## Step 1: Define the symbolic representation of the problem
The problem involves two variables: 'cantaloupes' and 'potatoes', which we can represent symbolically as $x_1$ and $x_2$ respectively.

## Step 2: Translate the objective function into symbolic notation
The objective function to minimize is $4 \cdot cantaloupes^2 + 2 \cdot cantaloupes \cdot potatoes + 9 \cdot potatoes^2 + 9 \cdot cantaloupes$. In symbolic notation, this becomes $4x_1^2 + 2x_1x_2 + 9x_2^2 + 9x_1$.
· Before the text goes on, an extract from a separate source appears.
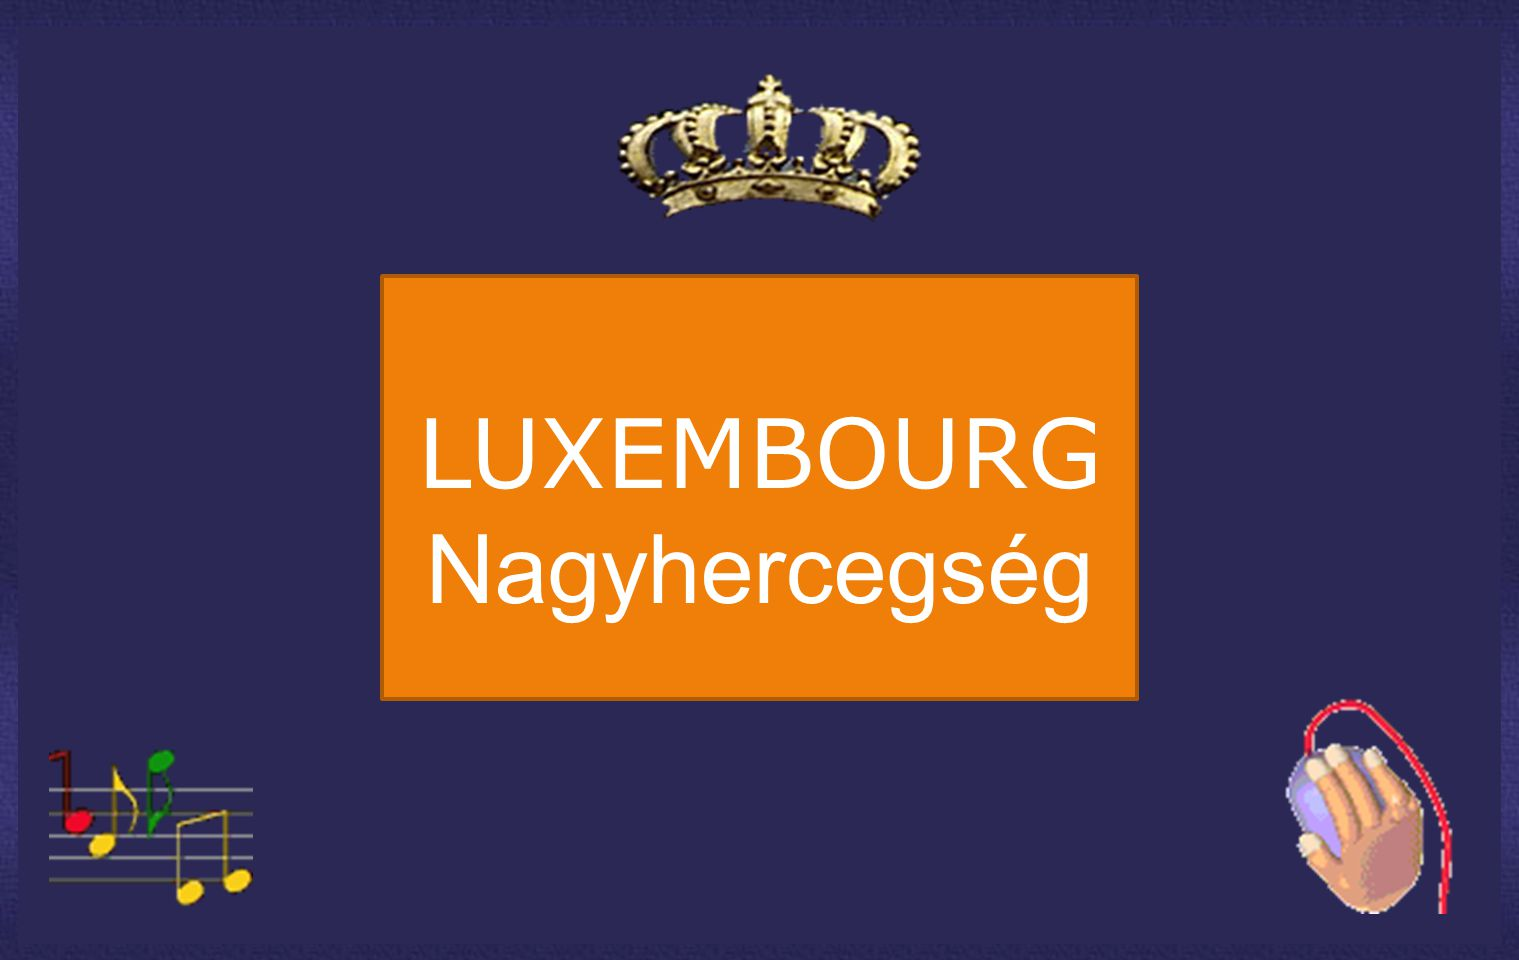 LUXEMBOURG Nagyhercegség
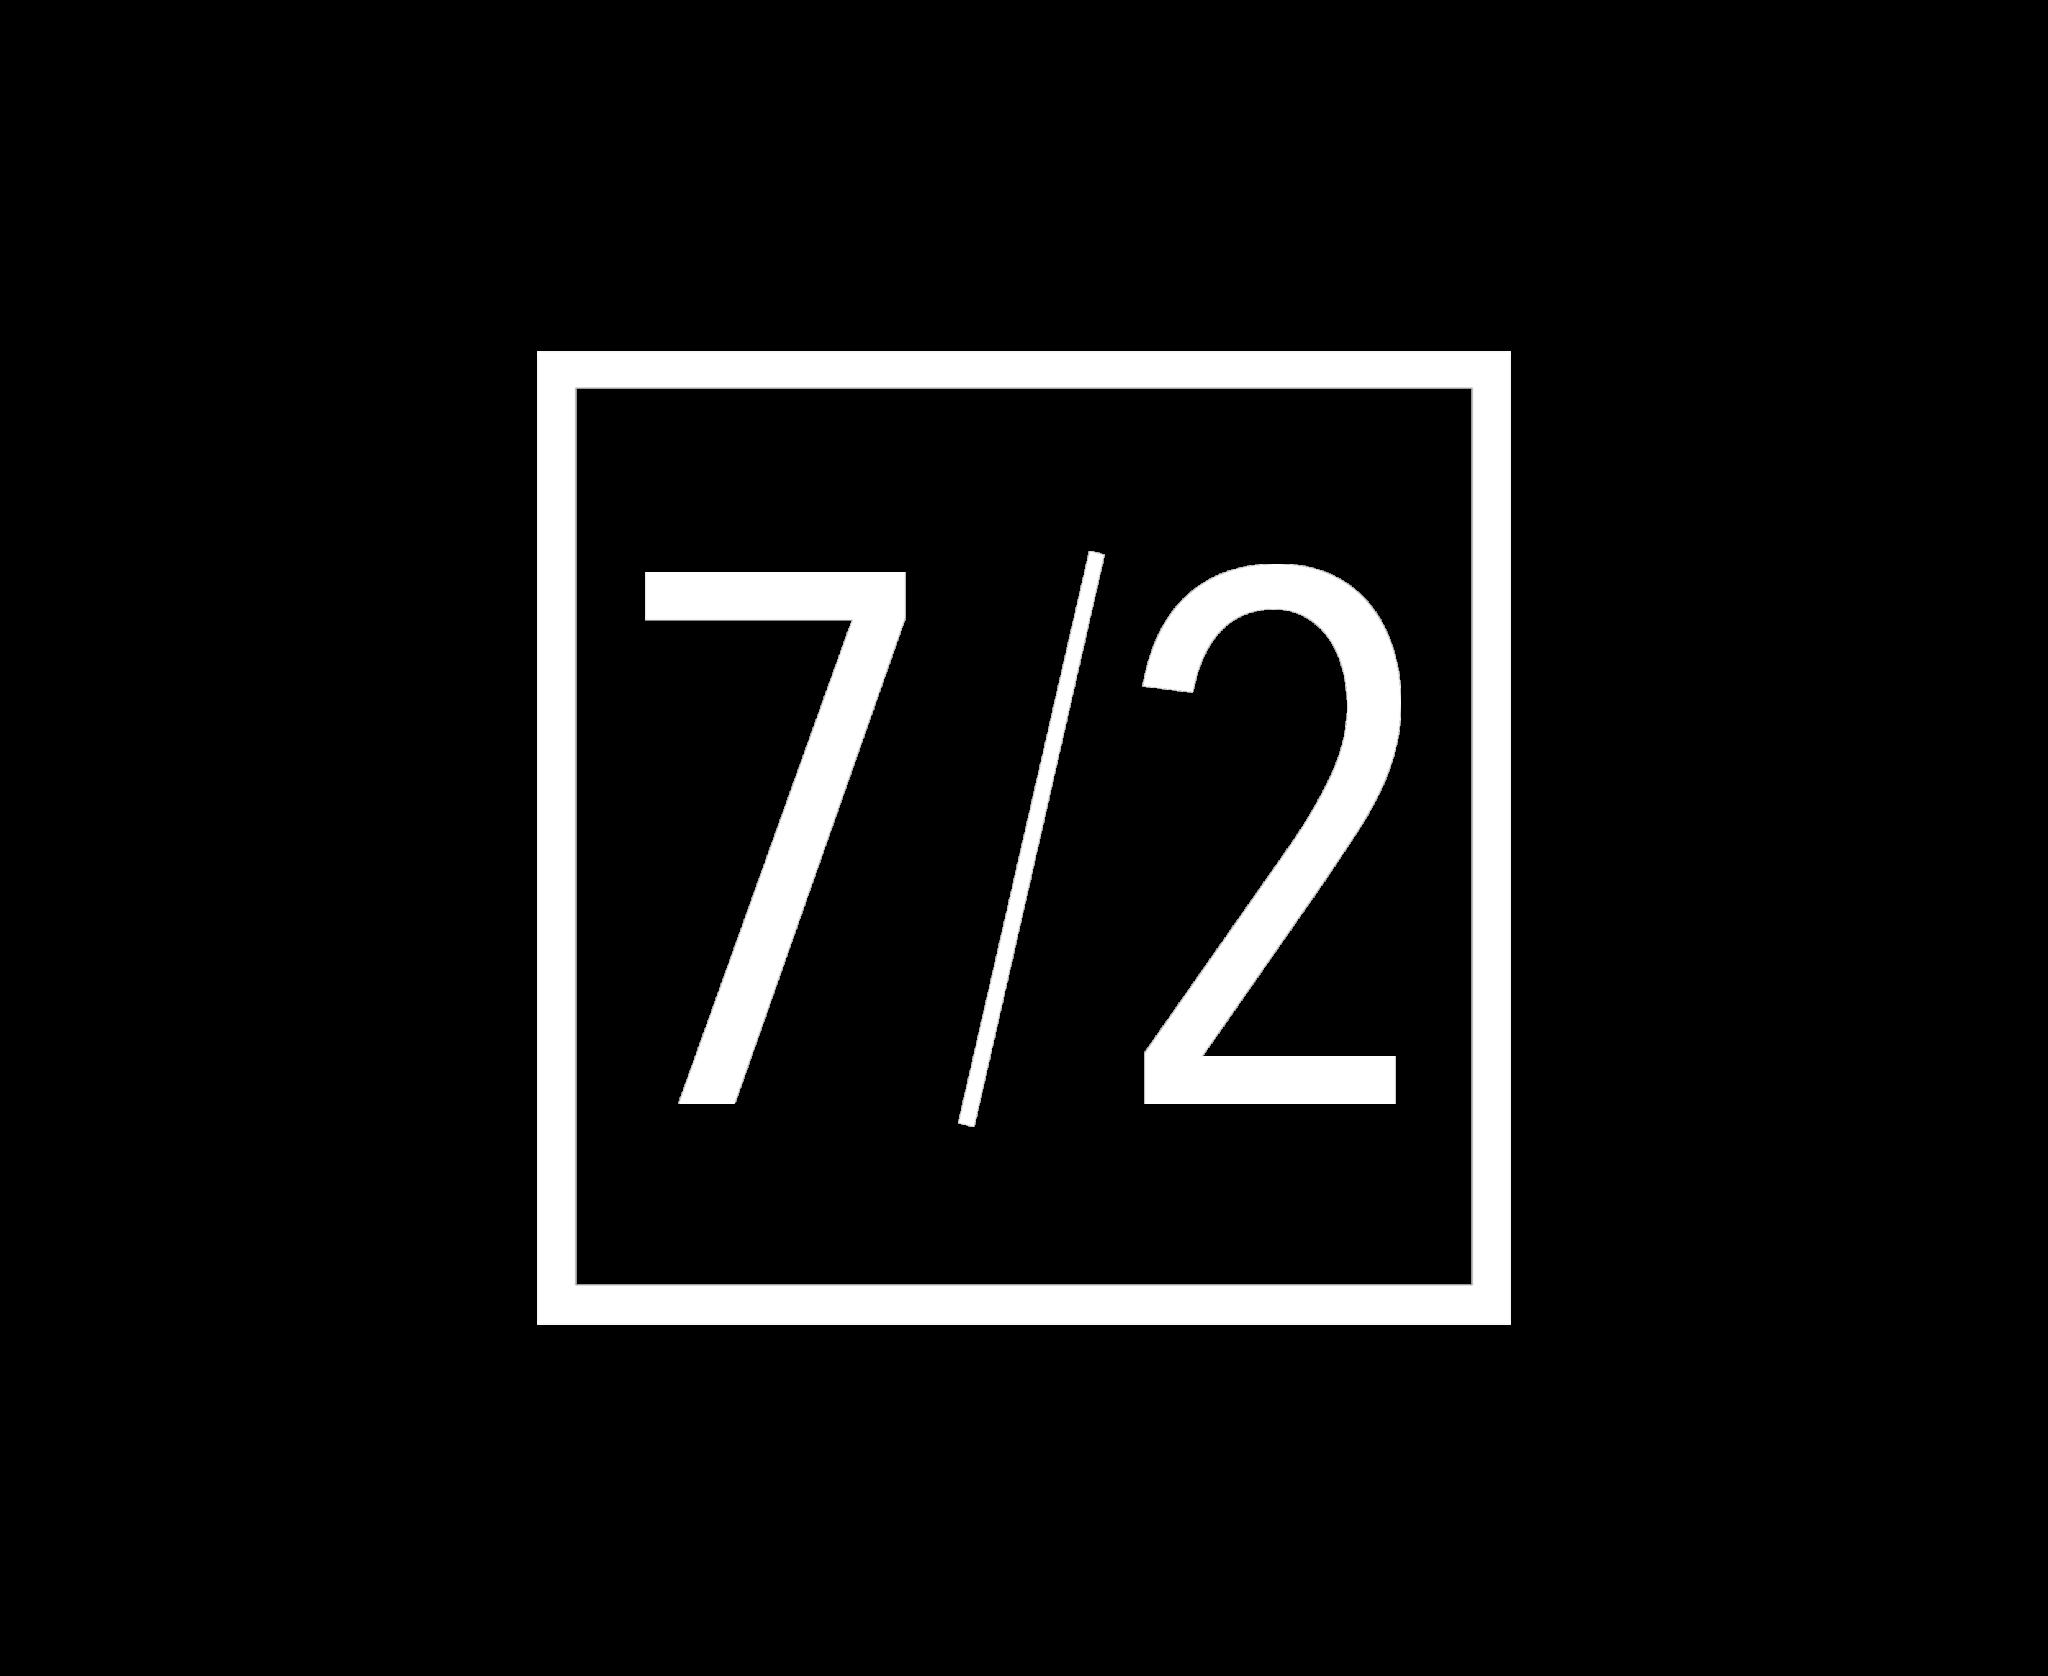 72 Denim

## 3: Define the constraints in symbolic notation
The constraints given are:
1. $3.42x_1 + 2.7x_2 \geq 20$ (at least 20 milligrams of calcium),
2. $3.42x_1 \geq 20$ and $2.7x_2 \geq 0$ are not explicitly stated but $3.42x_1 + 2.7x_2 \geq 20$ covers the calcium requirement,
3. $2.08x_1 + 2.45x_2 \geq 28$ (at least $28 spent),
4. $3x_1 - 10x_2 \geq 0$,
5. $3.42x_1 + 2.7x_2 \leq 60$ (no more than 60 milligrams of calcium),
6. $2.08x_1 + 2.45x_2 \leq 73$ (no more than $73 spent),
7. $x_1$ is an integer (nonfractional number of cantaloupes),
8. $x_2$ is a real number (amount of potatoes does not have to be a whole number).
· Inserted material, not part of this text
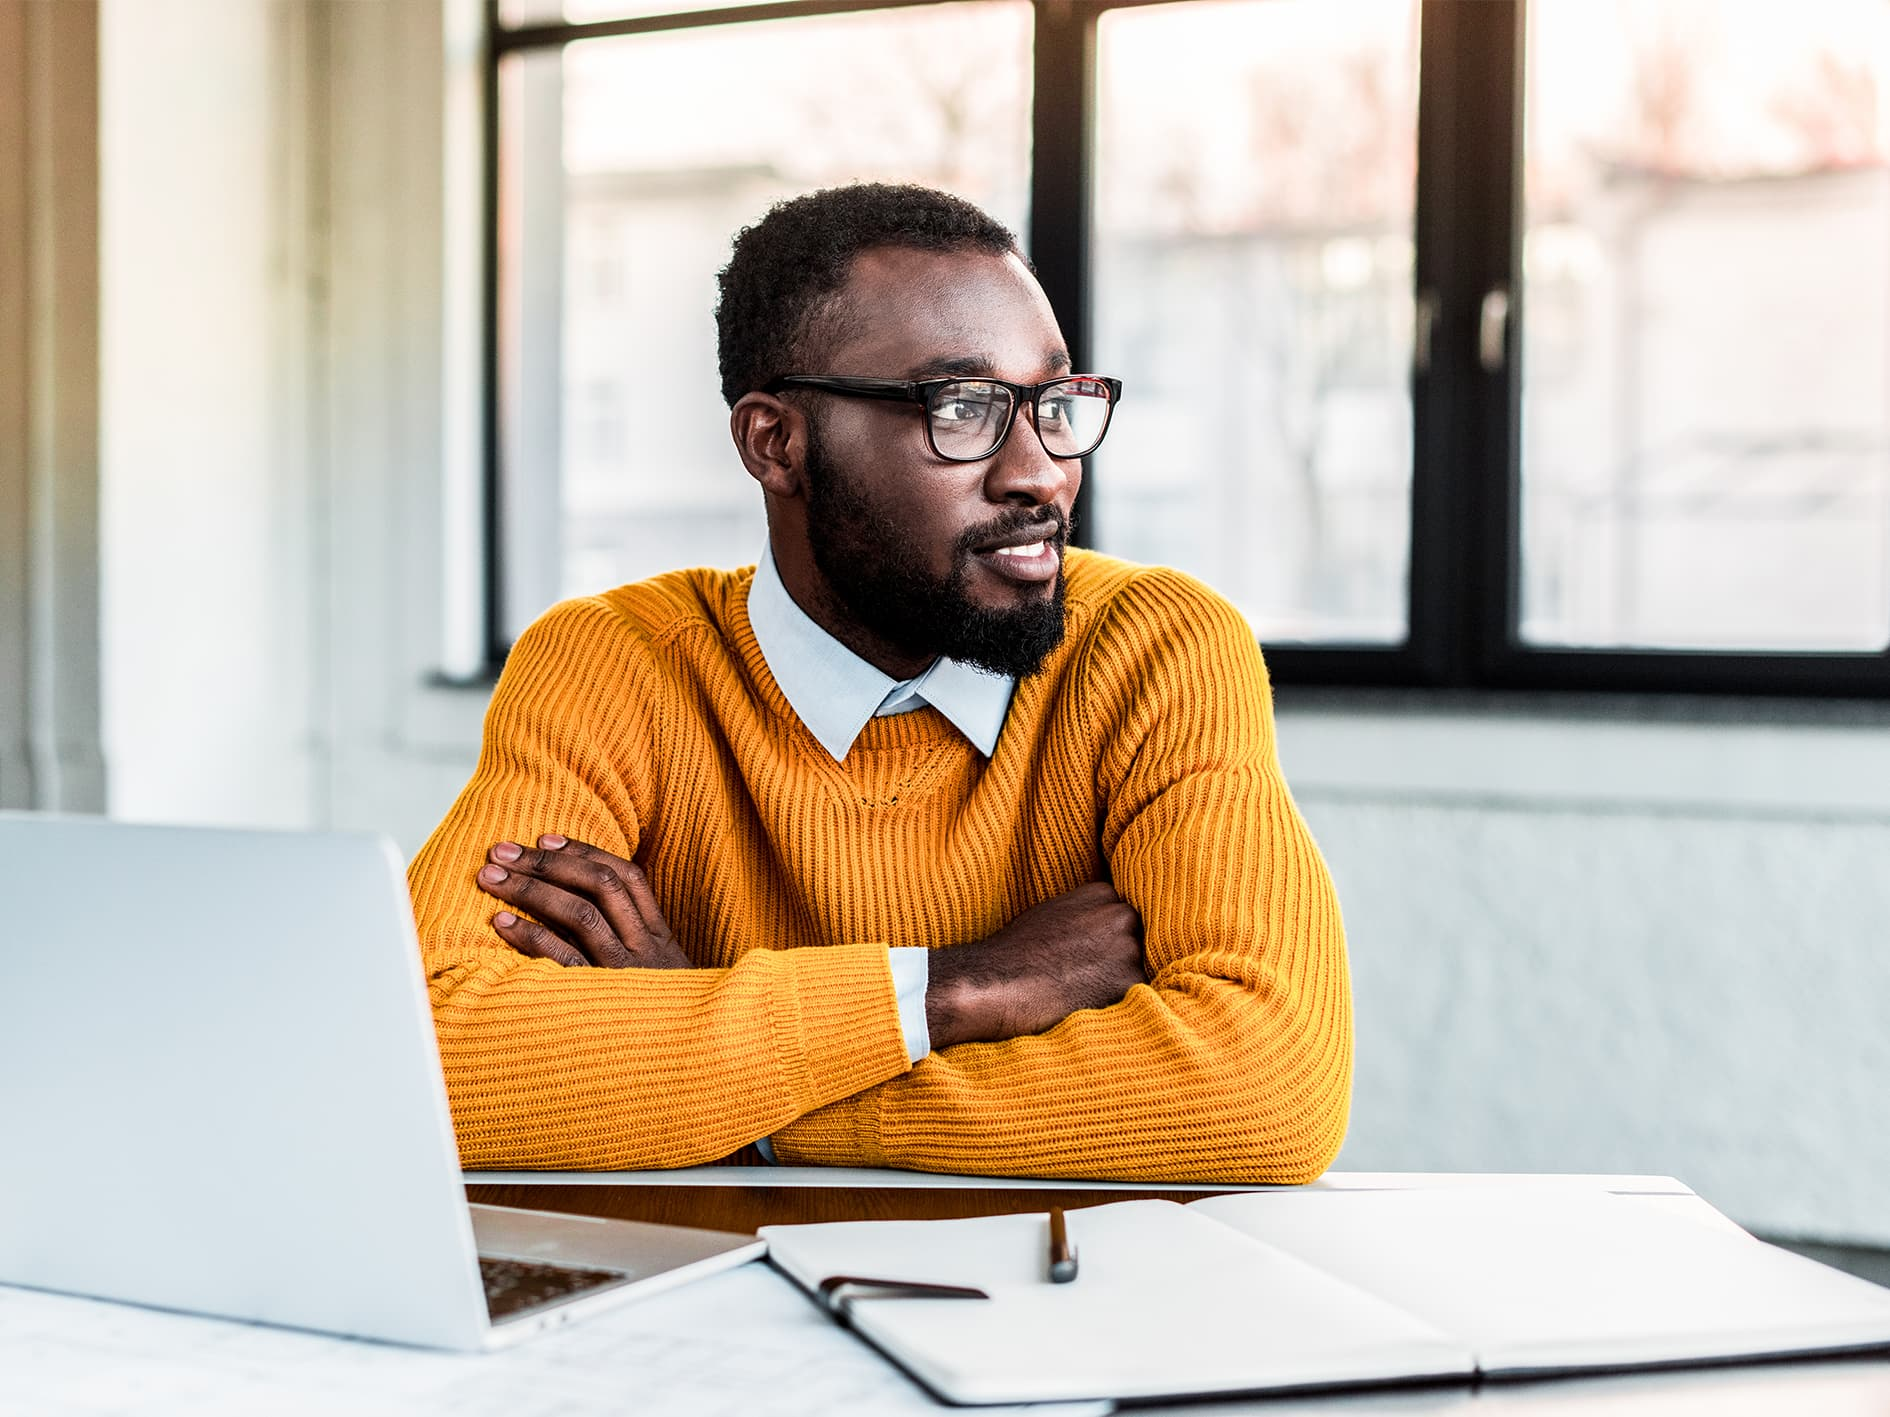 Legal professional learning Microsoft Word skills

## 4: Specify the symbolic variables and constraints for output
The symbolic variables are:
- $x_1$ for 'cantaloupes'
- $x_2$ for 'potatoes'

The objective function in symbolic notation is: $4x_1^2 + 2x_1x_2 + 9x_2^2 + 9x_1$.

The constraints are:
1. $3.42x_1 + 2.7x_2 \geq 20$
2. $2.08x_1 + 2.45x_2 \geq 28$
3. $3x_1 - 10x_2 \geq 0$
4. $3.42x_1 + 2.7x_2 \leq 60$
5. $2.08x_1 + 2.45x_2 \leq 73$

## 5: Create the Gurobi model and variables
We will use Gurobi to solve this optimization problem. The model will be defined with the objective function and constraints specified.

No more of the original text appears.